Histopathology is the study of diseased tissues using a microscope. It is a crucial tool for diagnosing cancer and other diseases, as well as for predicting their outcomes and selecting the best treatments. However, histopathology is also a challenging and time-consuming task that requires highly skilled and experienced pathologists. Moreover, histopathology is often subjective and prone to variability and errors, which can affect the accuracy and reliability of the results.
Fortunately, technologies such as artificial intelligence (AI), digital pathology, and molecular pathology can help improve histopathology in various ways. These technologies can enhance the quality, efficiency, and innovation of histopathology, as well as enable new applications and discoveries in oncology and beyond.
AI is a branch of computer science that aims to create machines or systems that can perform tasks that normally require human intelligence, such as learning, reasoning, and decision making.

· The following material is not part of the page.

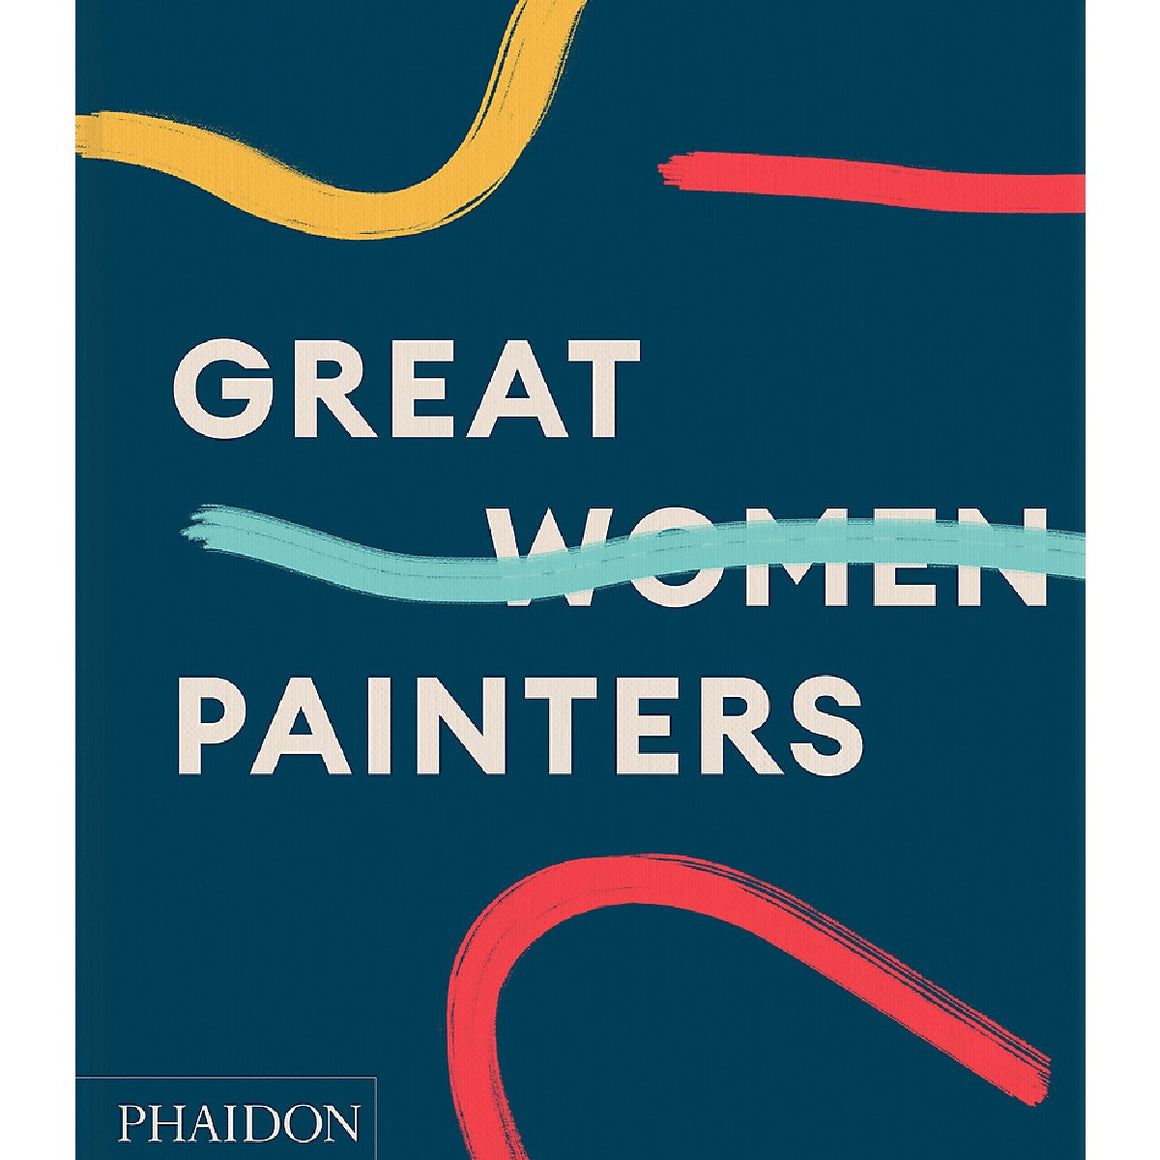 Great women painters | Author: Alison M Gineras
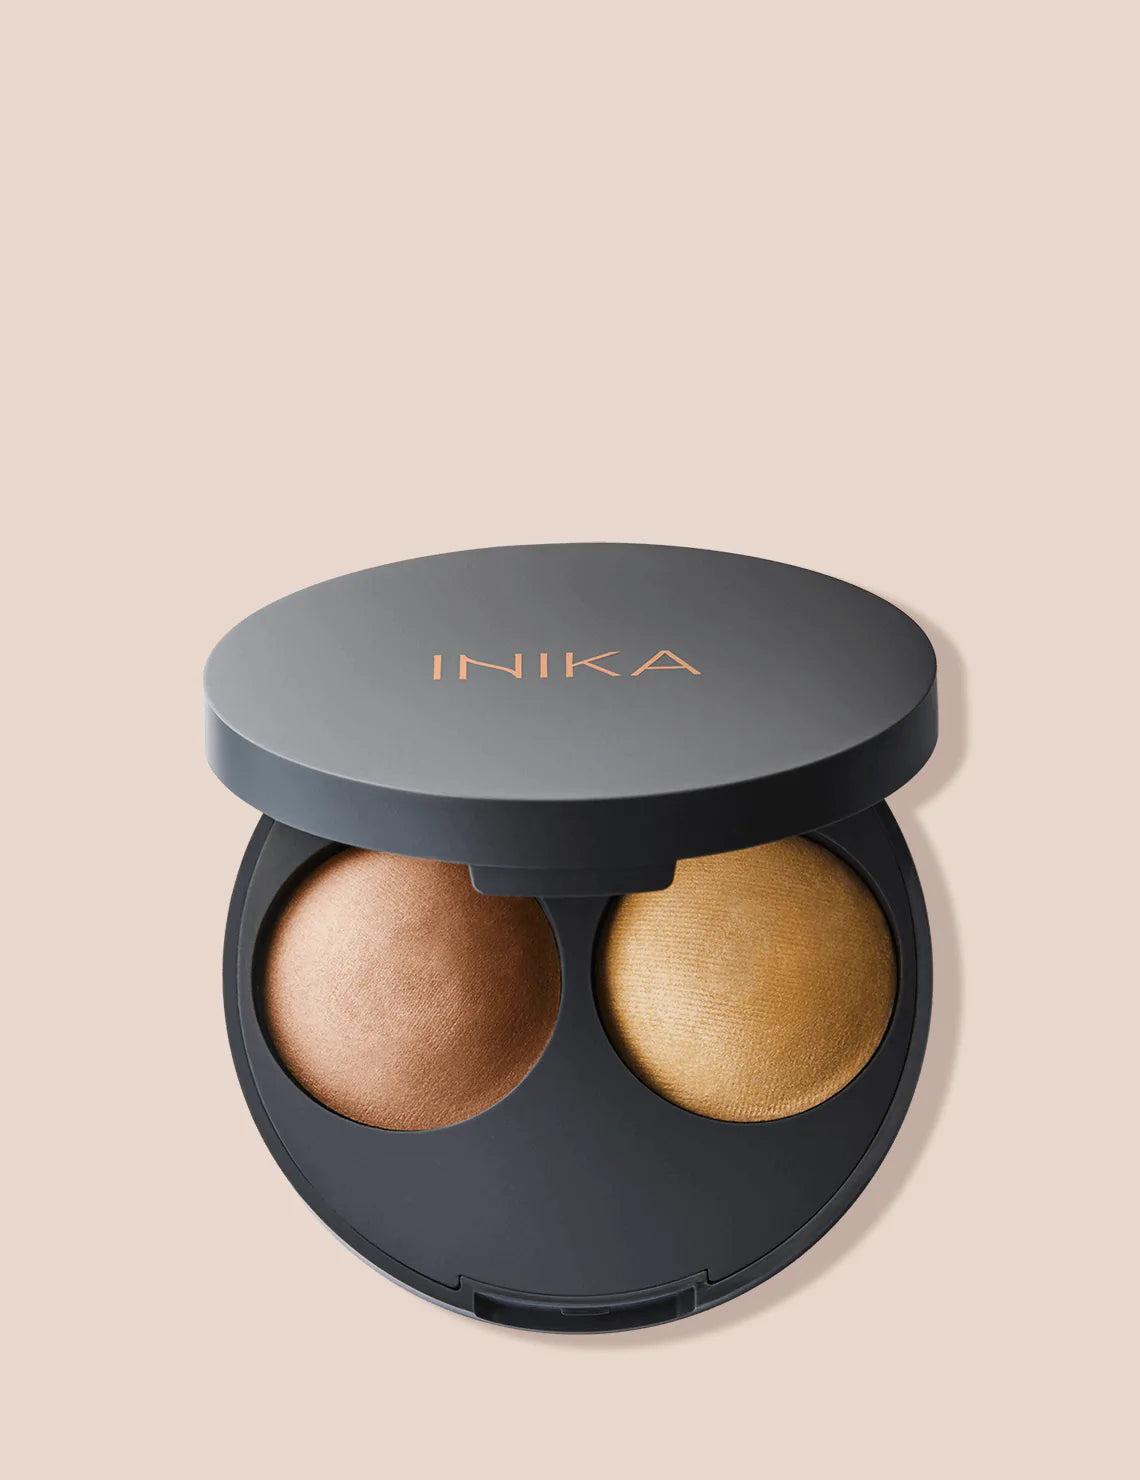 This compact duo contains the highlighter and contour to create the sculpted effect with the bronzed powder and champagne highlight.

AI can be applied to histopathology using deep learning, which is a subset of machine learning that uses multiple layers of artificial neural networks to learn from large amounts of data. Deep learning can be used to analyze histopathology images and extract features that are relevant for diagnosis, prognosis, and treatment selection. For example, deep learning can help detect and classify cancer cells, measure tumor size and grade, identify biomarkers and mutations, and predict survival and response to therapy1.
Digital pathology is the process of converting glass slides into high-resolution digital images that can be viewed, stored, shared, and analyzed on a computer or mobile device. Digital pathology can improve histopathology by increasing its accessibility, scalability, and standardization. For instance, digital pathology can enable remote consultation and collaboration among pathologists across different locations. It can also facilitate the integration of histopathology with other data sources, such as genomic, transcriptomic, or clinical data. Furthermore, digital pathology can improve the workflow efficiency and productivity of pathologists by reducing manual labor and errors.
Molecular pathology is the study of molecular abnormalities in tissues using techniques such as immunohistochemistry (IHC), fluorescence in situ hybridization (FISH), polymerase chain reaction (PCR), or next-generation sequencing (NGS). Molecular pathology can complement histopathology by providing more detailed and specific information about the molecular mechanisms and drivers of diseases. For example, molecular pathology can help identify genetic mutations or alterations that are associated with cancer development, progression, or resistance3. It can also help guide personalized medicine by selecting the most appropriate drugs or therapies based on the molecular profile of each patient3.
In conclusion, technologies such as AI, digital pathology, and molecular pathology can improve histopathology in many ways. They can enhance the quality, efficiency, and innovation of histopathology, as well as enable new applications and discoveries in oncology and beyond. These technologies can help pathologists deliver better care to patients and contribute to the advancement of medicine.